在眾人嘲諷的目光中,范閑拿起筆。
“秦兄文采斐然,我自認不是對手,不過我這里偶得了一首詩作,還算是拿得出手。”
郭寶坤不屑道:“還偶得一首,你還能做出比這首更好的詩來?”
秦浩強忍著把郭寶坤嘴巴縫上的沖動,拜托,人家那可是詩圣杜甫的神作,號稱古今七言律詩之首,能不給他拉仇恨了嗎?
范若若此刻也走到范閑身后,眼看著他落筆,情緒有些復雜,一方面她自然是不希望哥哥被郭寶坤羞辱,另一方面她又擔心哥哥的詩勝過秦浩,讓他丟了臉面。

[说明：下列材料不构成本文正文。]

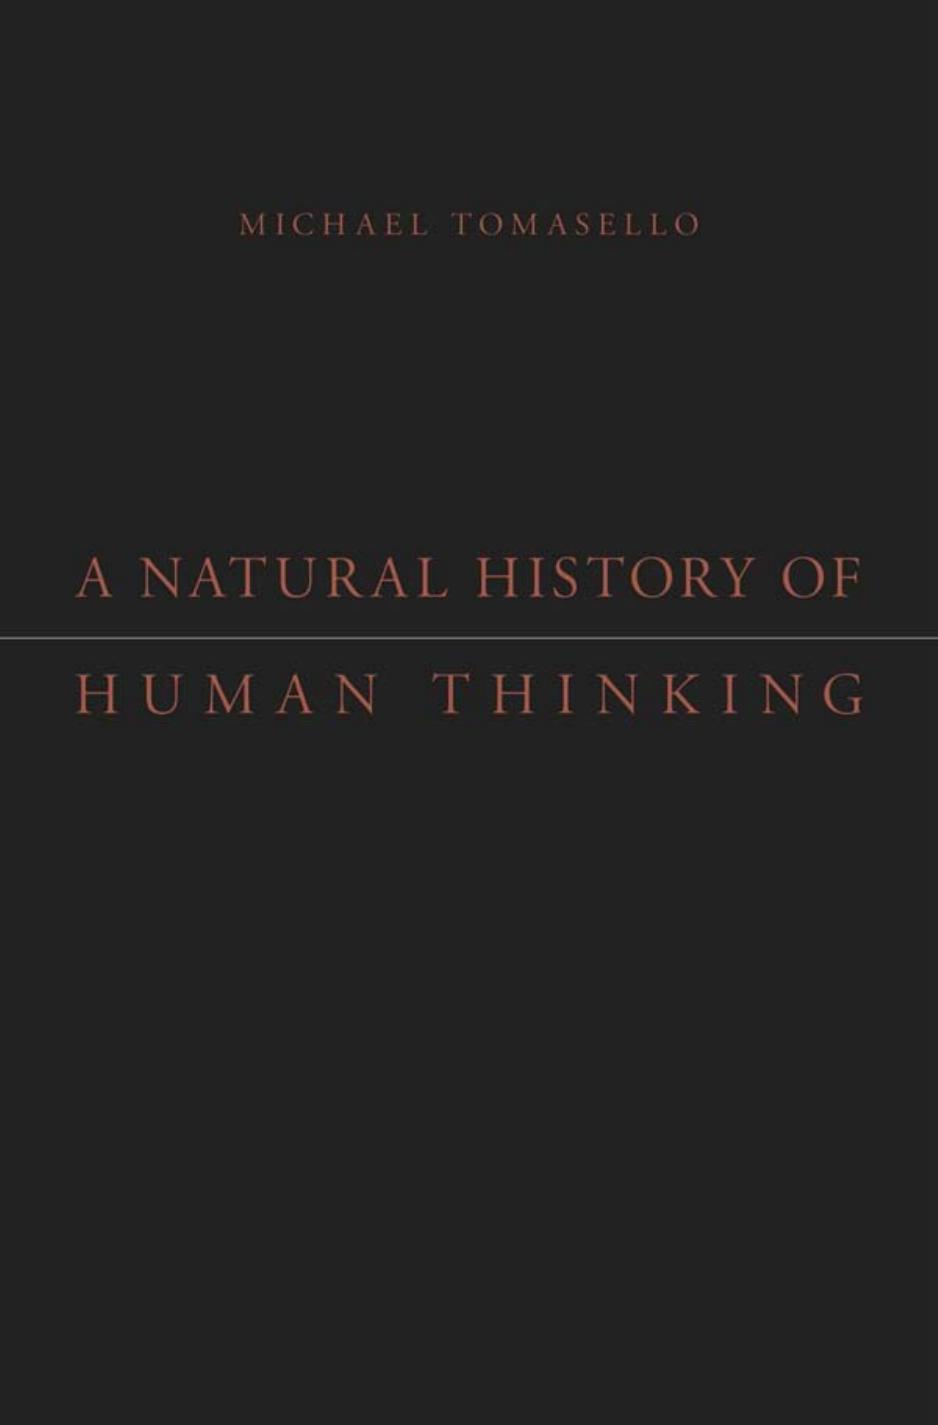 A Natural History of Human Thinking by Michael Tomasello

葉靈兒此刻的眼神已經全然沒有在范閑身上,就算范閑詩寫得再好,跟她又有什么關系?
不過很快,一陣驚呼聲,就將葉靈兒的思緒重新拉了回來,只見周圍看熱鬧的才子們一個個都是一副見了鬼的模樣。
“風急天高猿嘯哀,渚清沙白鳥飛回。
無邊落木蕭蕭下,不盡長江滾滾來。
萬里悲秋常作客,百年多病獨登臺。
艱難苦恨繁霜鬢,潦倒新停濁酒杯。”
郭寶坤就更是差點把眼珠子都瞪出來,才子賀宗緯差點一個沒站穩直接跌倒。
靖王世子李弘成一邊念著詩句,一邊拍手叫好。
“好,好詩啊。”
周圍的才子們也都紛紛醒轉過來。
“確是好詩,只是這不盡長江滾滾來,這長江是何江?為何從未聽過?”
“萬里悲秋常作客,百年多病獨登臺,真是好詩,此等佳作當世僅見。”
隔著幕簾的女賓席位此刻也是議論紛紛。
“沒想到這個儋州來的私生子居然文采這么好?”
“若是這么對比,范公子這首詩,的確是比秦統領那首要好啊。”
郭寶坤聽到周圍人的議論,臉色漲紅,就跟煮熟了的螃蟹差不多,他指著范閑,又指著案桌上范閑寫的那首詩。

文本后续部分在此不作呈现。